Por causa da passagem anterior pela delegacia, Manga foi acusado da morte de Zóio Vesgo. Sem advogado, nem álibi convincente, foi condenado a cumprir nove anos de cadeia. Não se conformava com a falta de sorte:
- Tanta maconha que eu vendi, assaltos, roubo de loja, venho preso justamente por um crime que não cometi. A Justiça é cega, doutor.
Manga foi um dos fugitivos do túnel do pavilhão Sete. Dois anos depois voltou para a Detenção. Num final de tarde procurou-me para um assunto particular. Conversamos na sala dos médicos; o sol entrava pela janela e projetava uma sombra gradeada em seu rosto. Estendeu-me um envelope sobrescrito com letra bordada.
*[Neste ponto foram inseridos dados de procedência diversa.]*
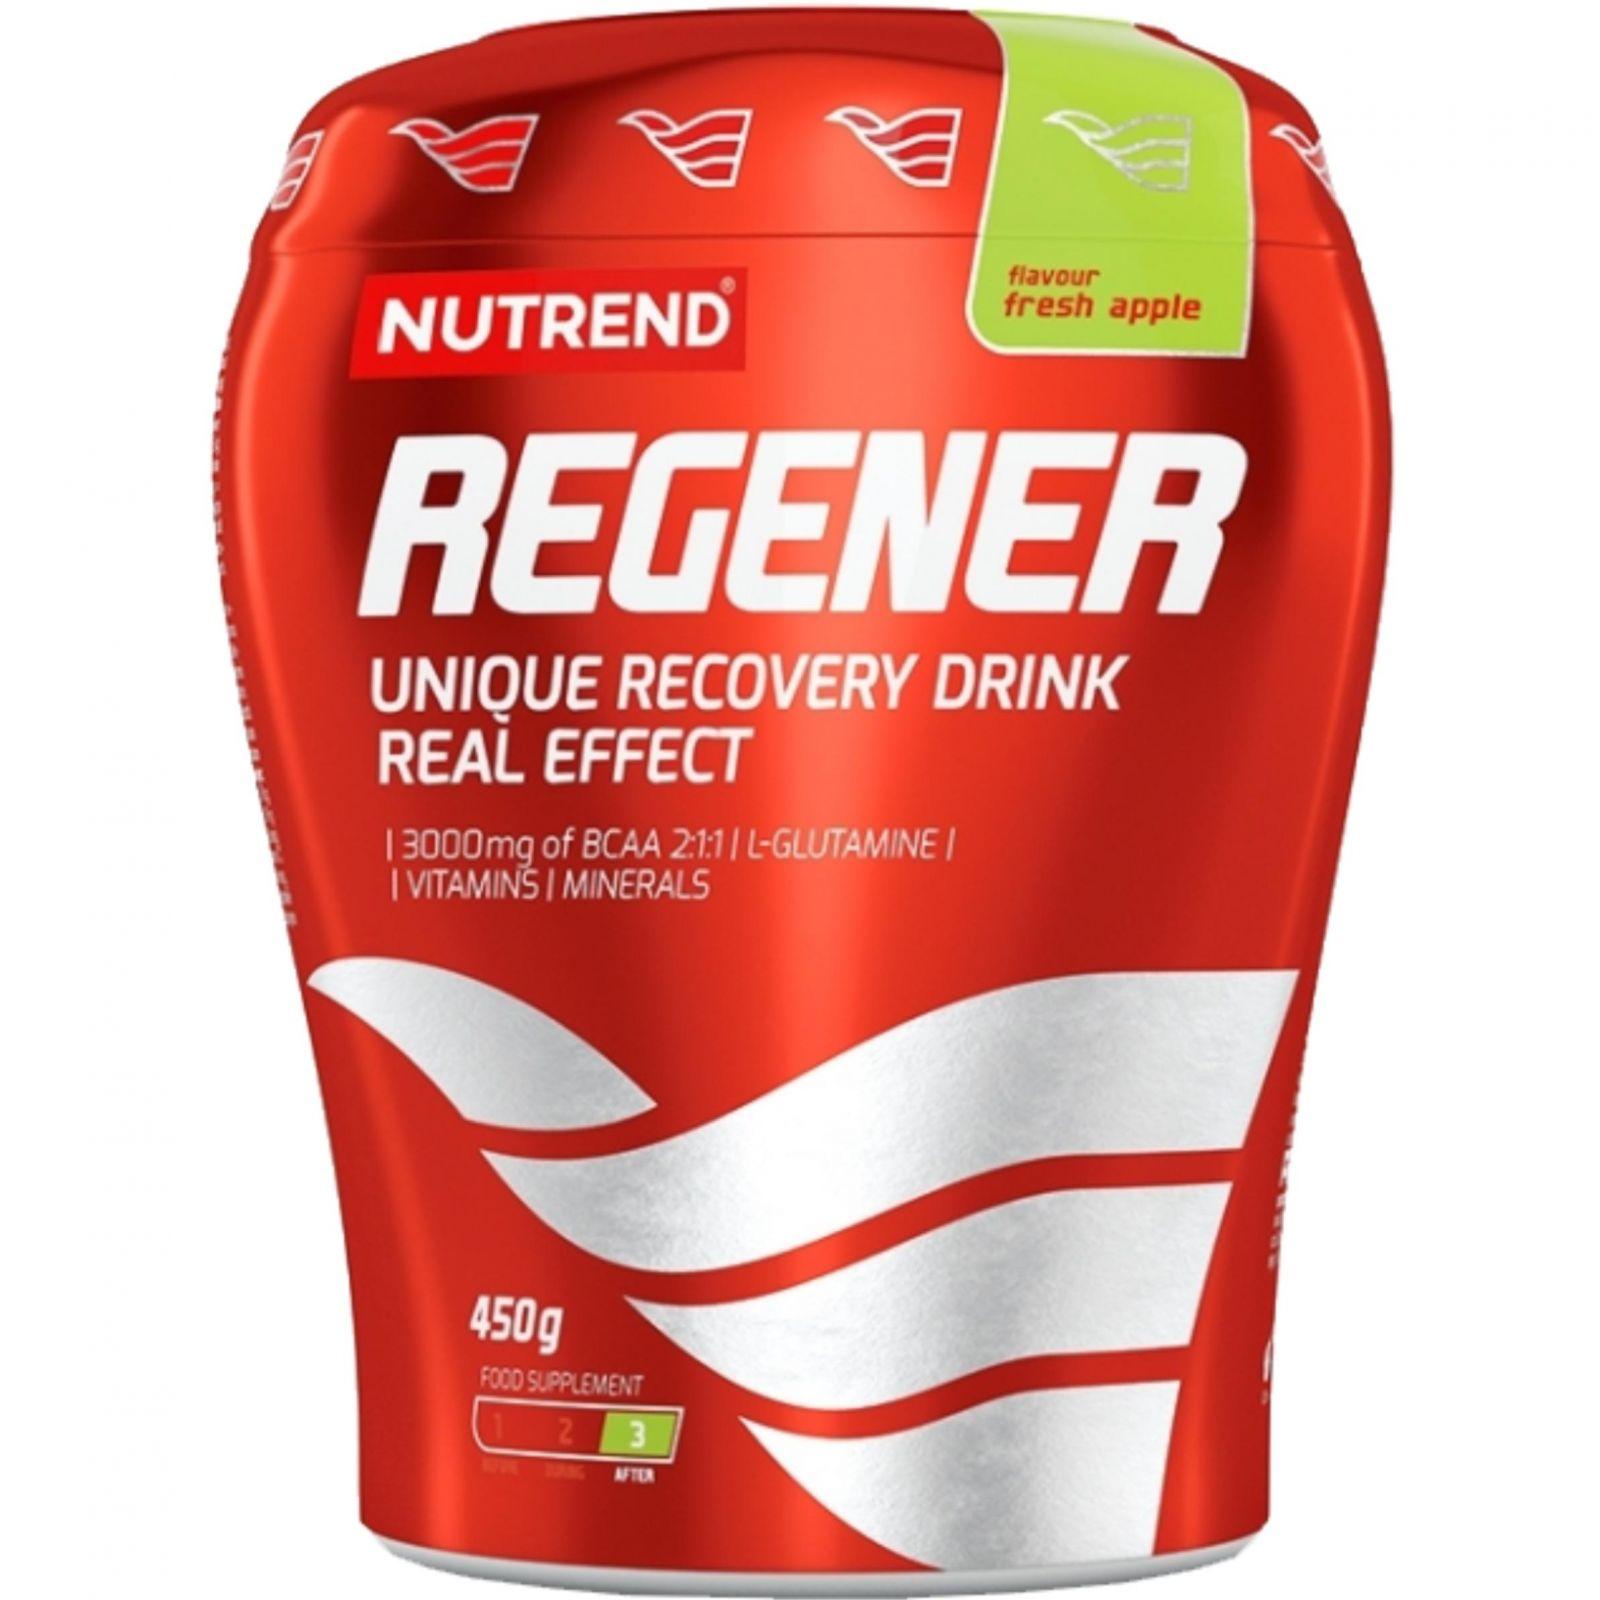 Nutrend REGENER unique recovery drink, fresh apple, 450 g

Na carta, a mulher dizia estar cansada de sofrer por causa dele e decidida a ouvir os conselhos da mãe. Tinha ido para Minas com as duas crianças, a menor nascida depois da fuga, para nunca mais voltar.
Enquanto eu lia a carta, ele chorou de soluçar. Quando terminei, fiquei quieto esperando que se acalmasse. Então, as lágrimas pararam de correr. Ele enxugou os olhos, levantou, agradeceu e saiu, antes que eu tivesse dito uma só palavra de conforto.